I took a vacation day on Friday. Mary and I ran some errands in the afternoon. When we returned home, the air conditioning wasn't working. It was about 100F outside and felt hotter in the house. The house AC didn't work. Nor did the electricity in the kitchen. The dryer motor turned but the heater never came on.
I suspected a bad circuit breaker, so I went out to the garage and reset all the breakers. It didn't help, so I pulled the cover off the breaker box, and began checking the power on each line. Every other line was dead. Naturally, I discovered this after a trip to the hardware store and replacing several breakers on the presumably dead lines.
So I called Wade. He knows high voltage stuff - I don't. But I learned quickly.

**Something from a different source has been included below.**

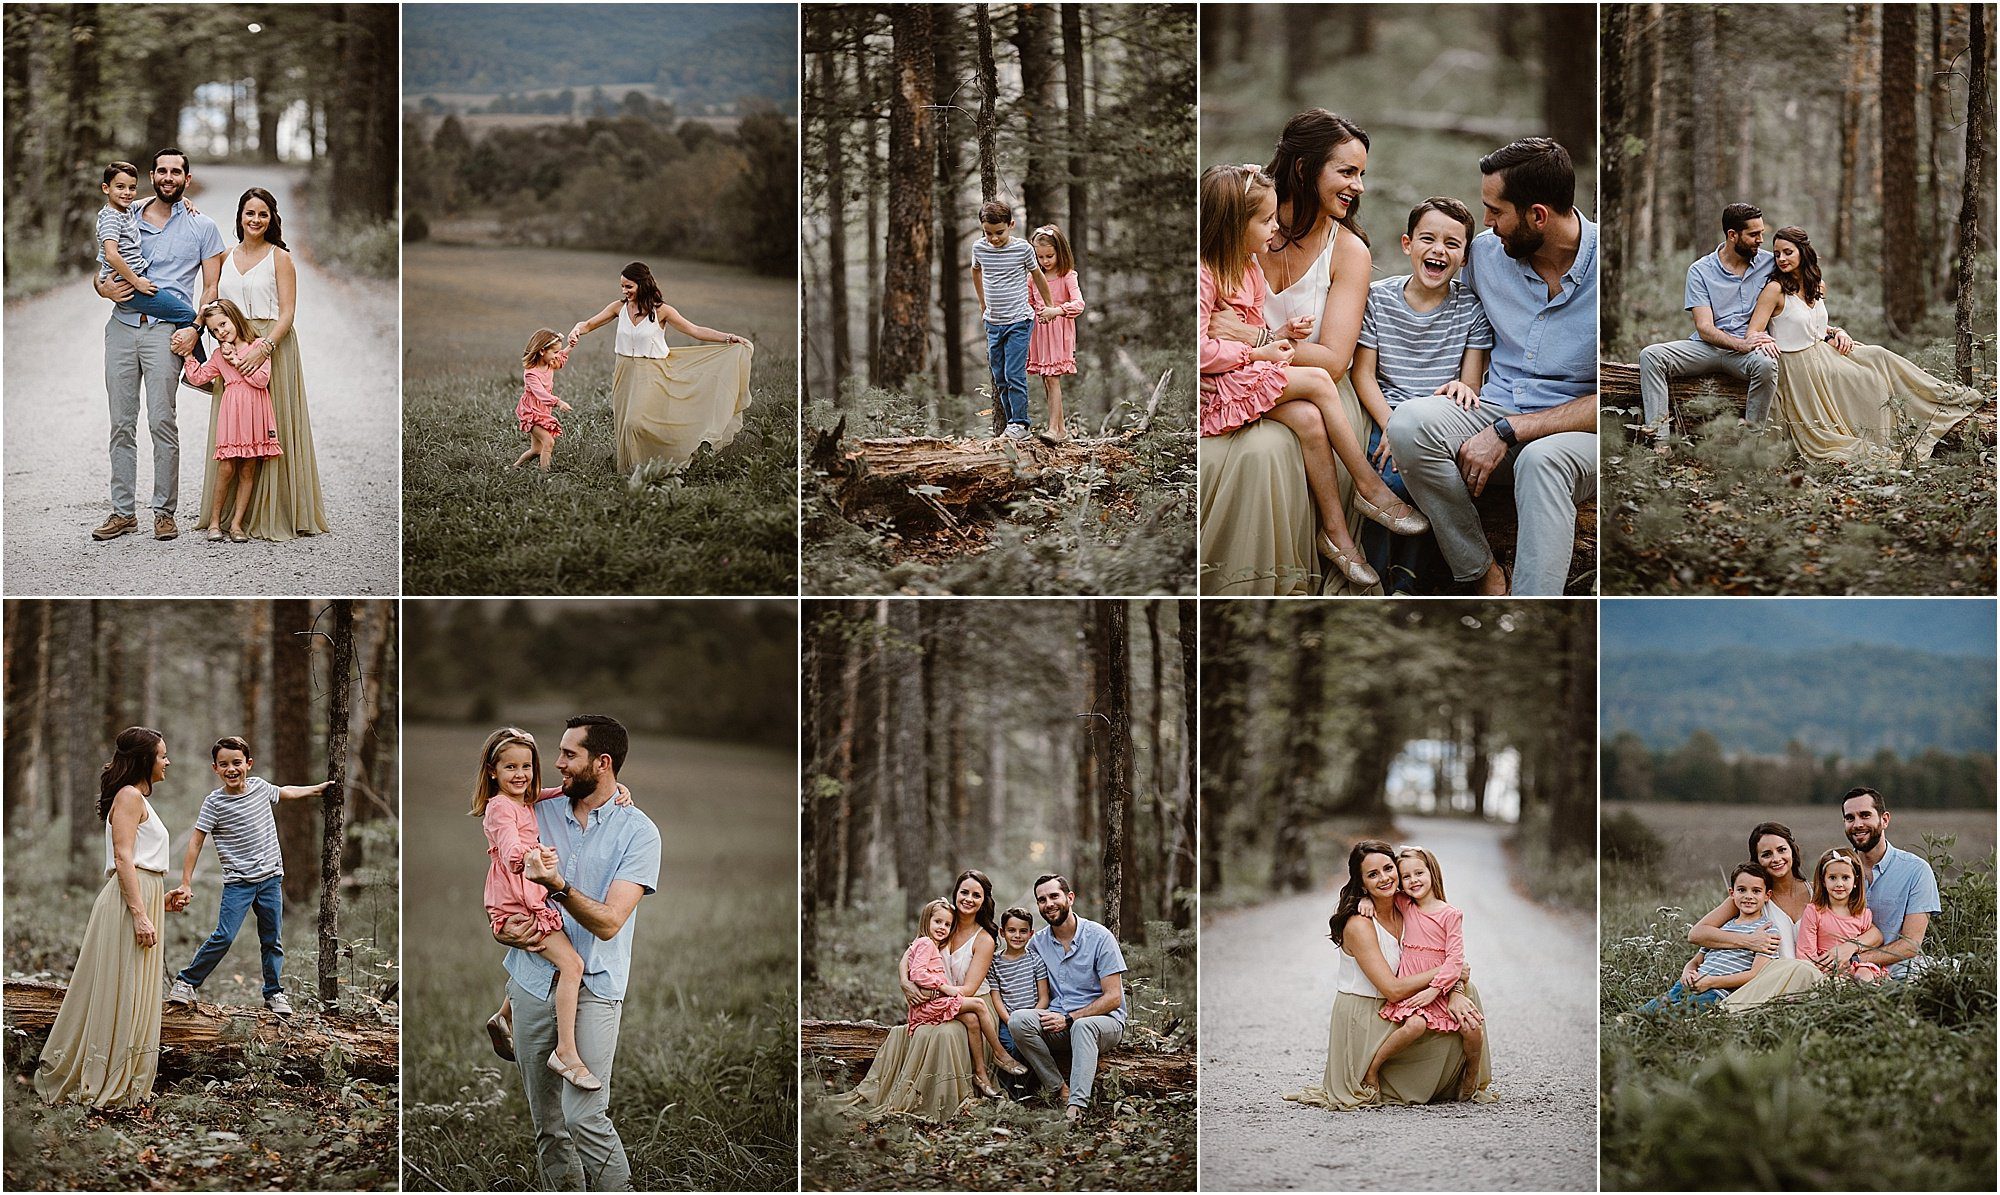 Smoky Mountain Family Photos

He said one of the lines coming into the house was probably bad. There are two hot lines and one ground. If you lose one of the hots, whatever is connected to that side will not work - hence the voltage on every other breaker rather than all of them. Likewise, the dryer works off both sides. Lose one and the motor may work but the heater will not. He came over to check with a voltmeter since I was testing with a simple go/no go detector. Sure enough, one side was dead.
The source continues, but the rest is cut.